### [WORK INSTRUCTIONS]
Only one part of the listing is needed: the lines from the one with "20x Collection Container" through the last line, copied exactly and free of pictures.

### [DATA BELOW]
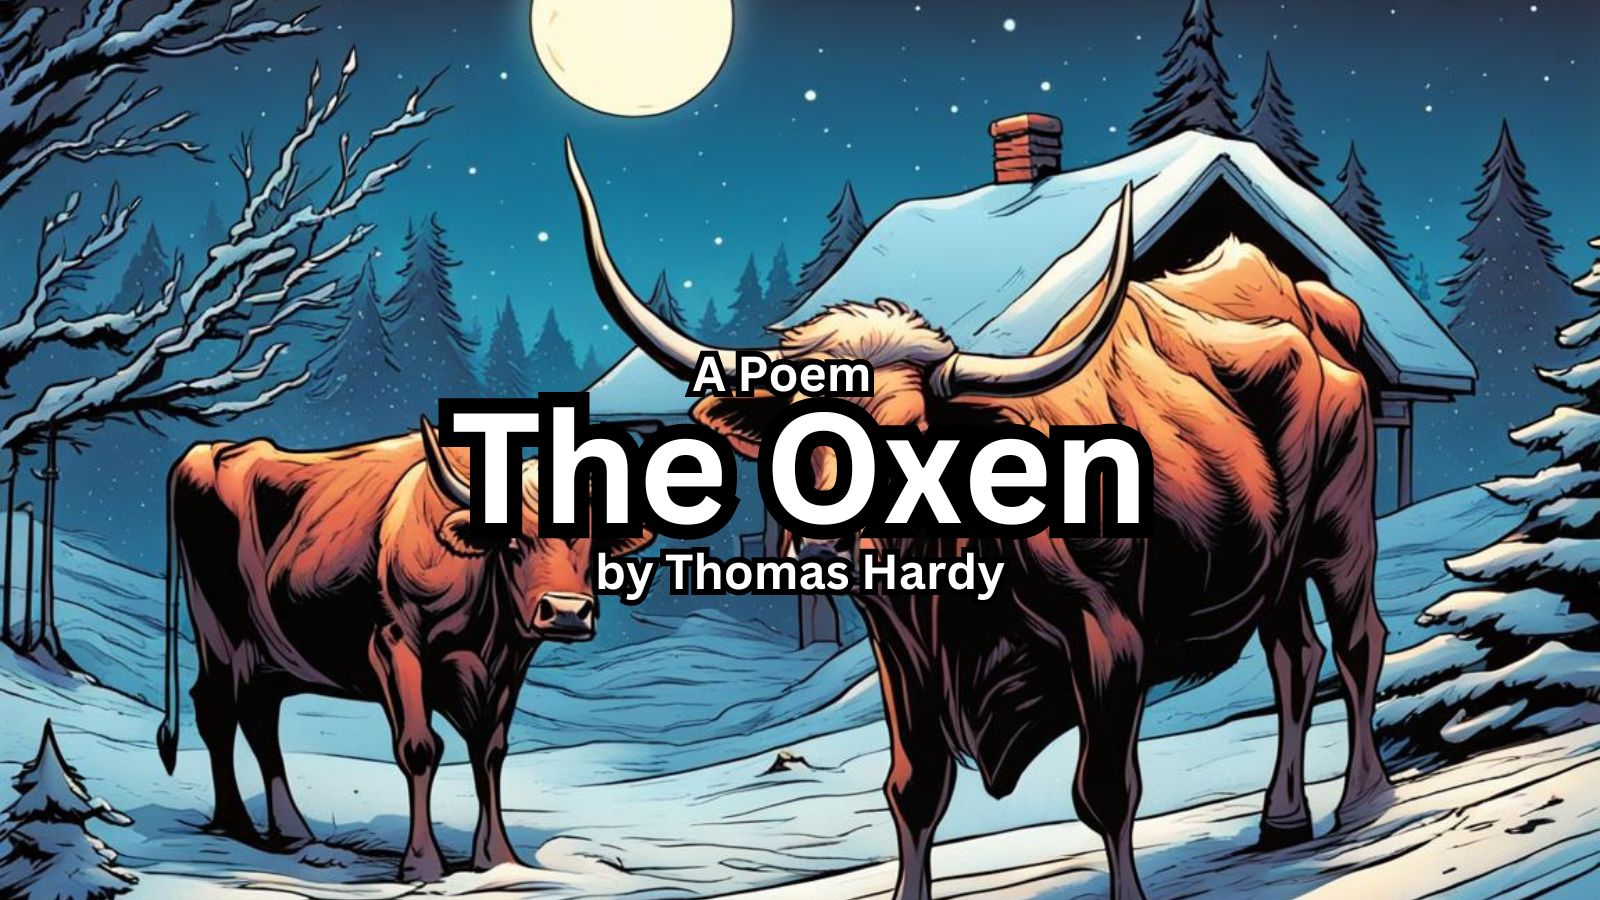 The Oxen by Thomas Hardy
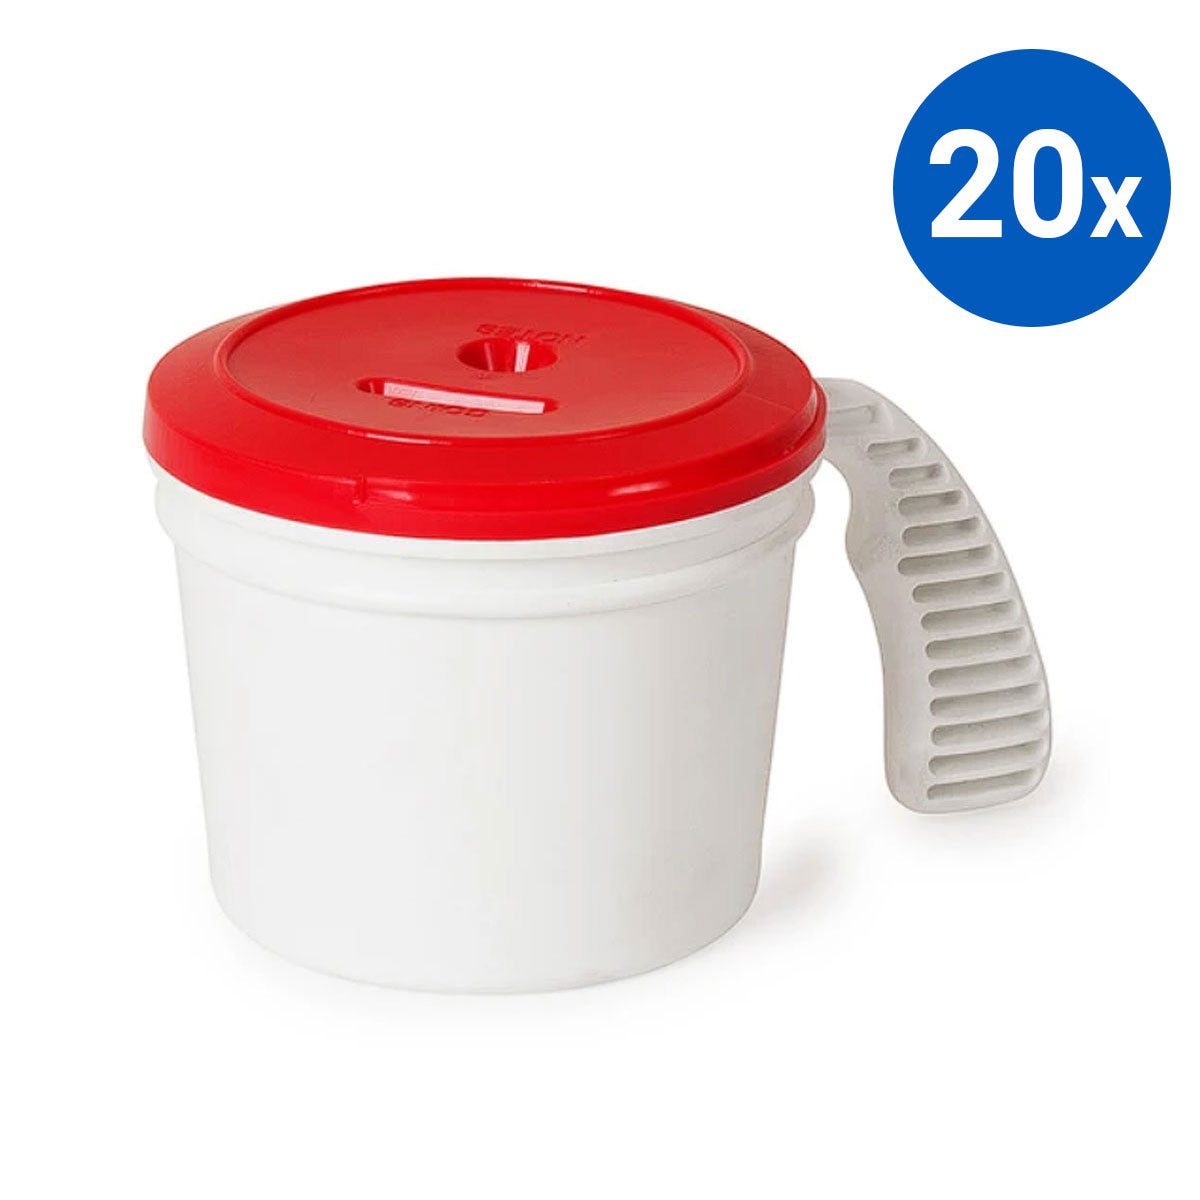 20x Collection Container Base and Standard Lid - Red
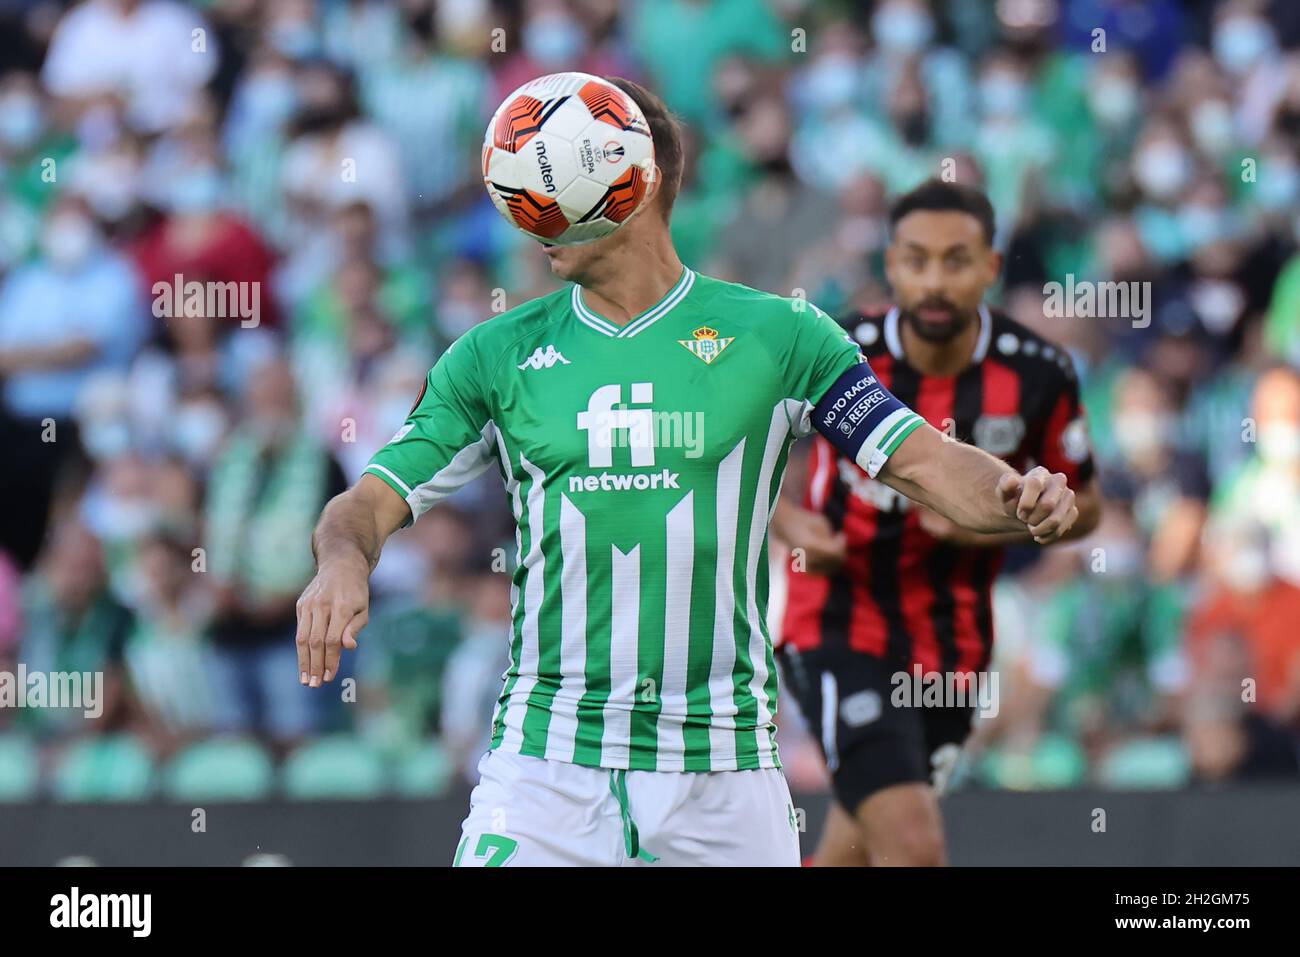 Diego Lainez of Real Betis during the UEFA Europa League match between Real  Betis and Ferencvaros TC played at Benito Villamarin Stadium on November  25, 2021 in Sevilla, Spain. (Photo by Antonio
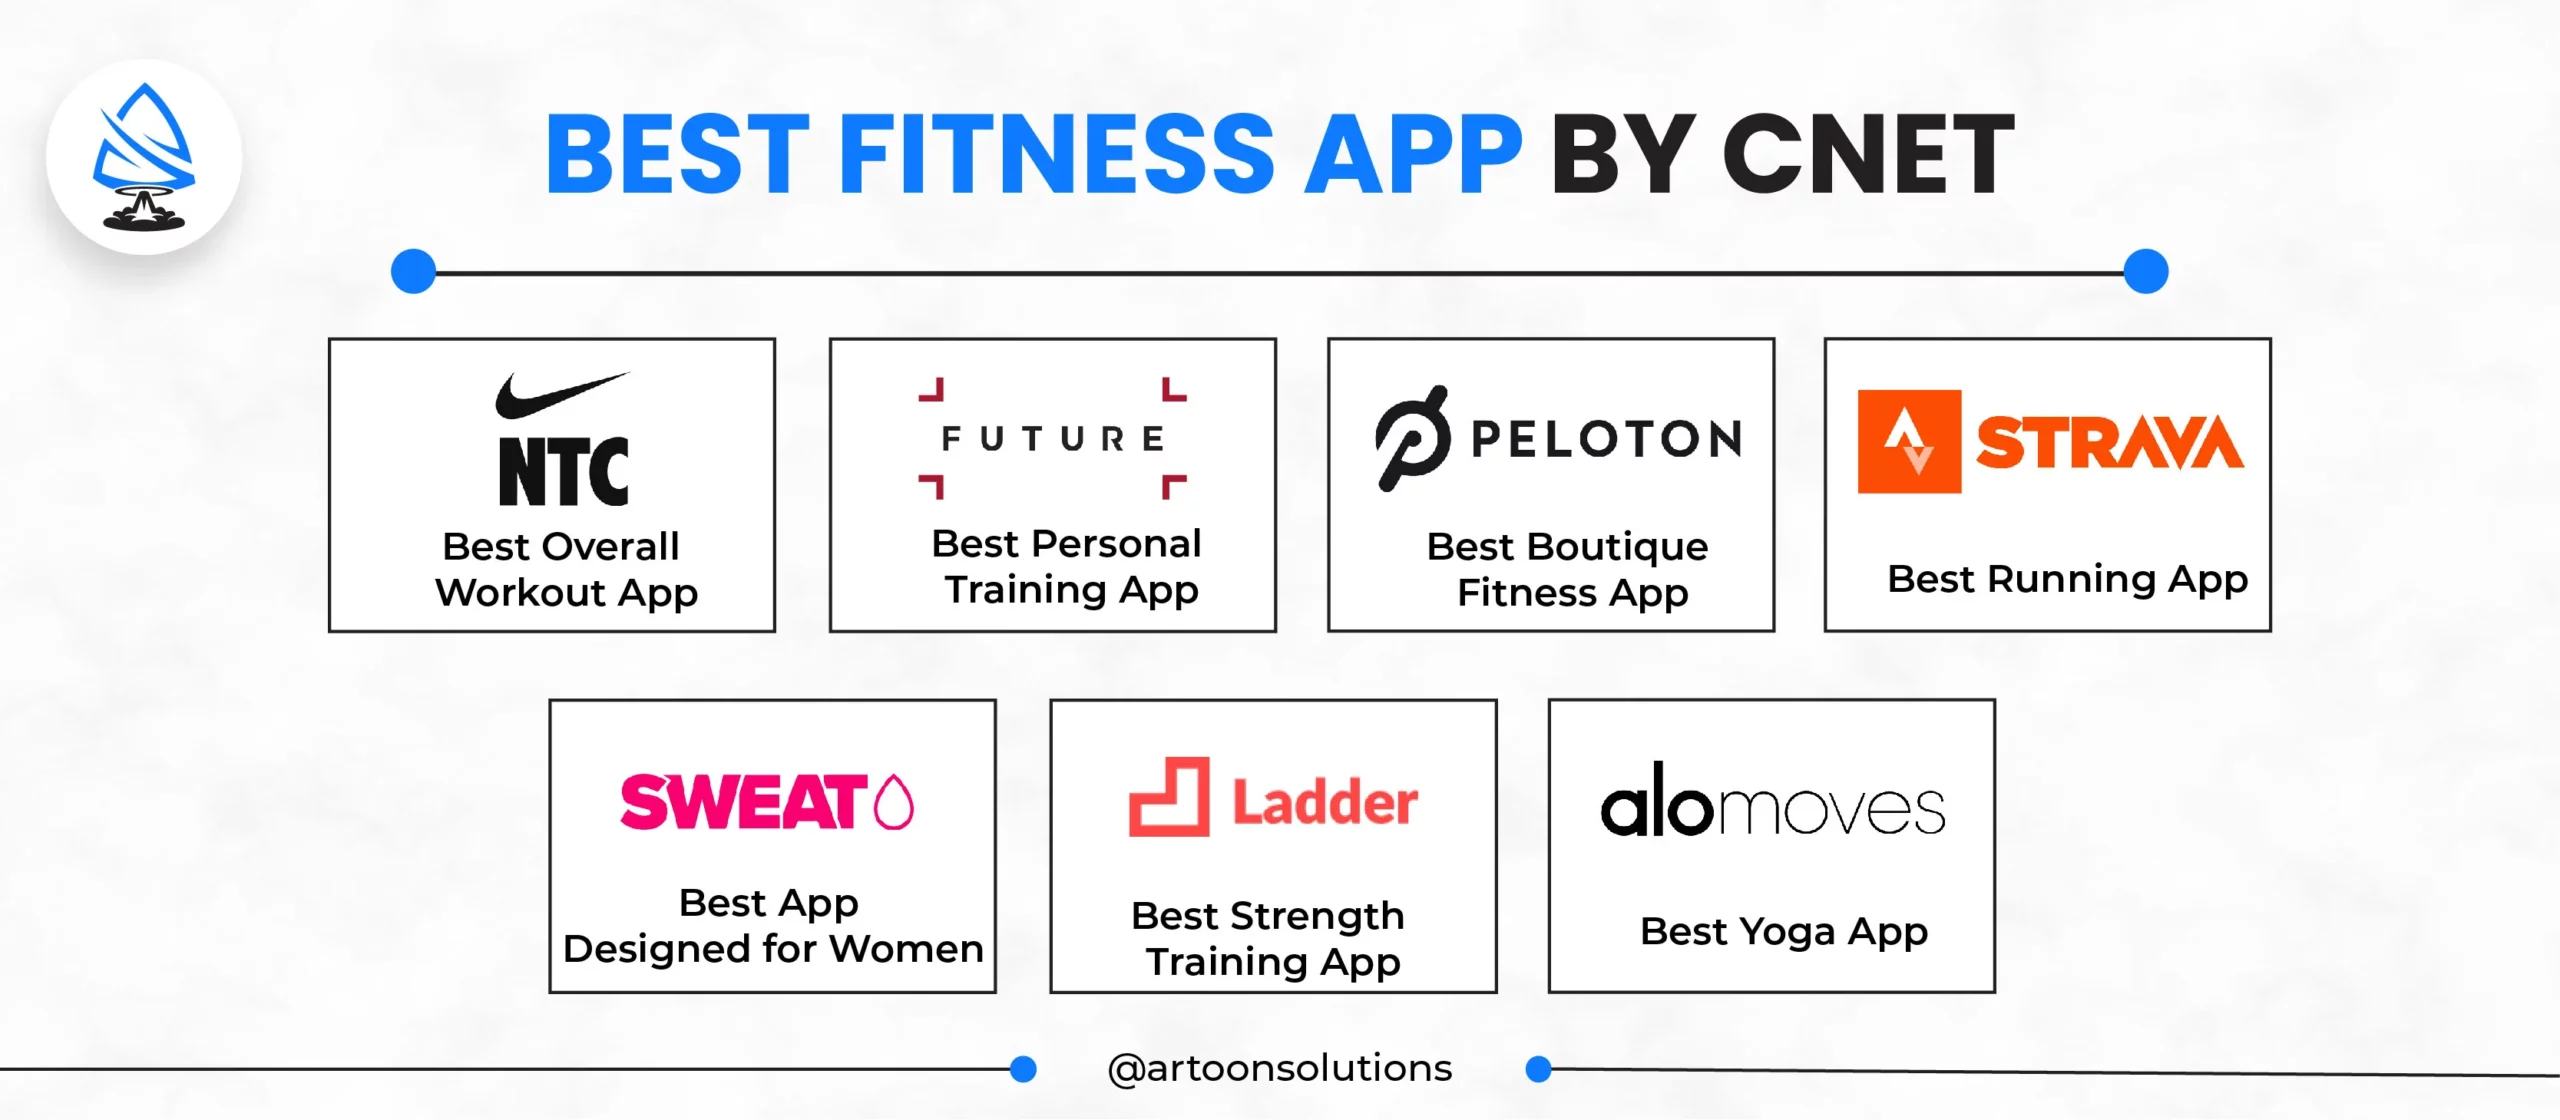 Best Fitness Apps for Cnet

### [ANSWER TO THIS PROBLEM]
 20x Collection Container Base and Standard Lid - Red
 Diego Lainez of Real Betis during the UEFA Europa League match between Real  Betis and Ferencvaros TC played at Benito Villamarin Stadium on November  25, 2021 in Sevilla, Spain. (Photo by Antonio
 Best Fitness Apps for Cnet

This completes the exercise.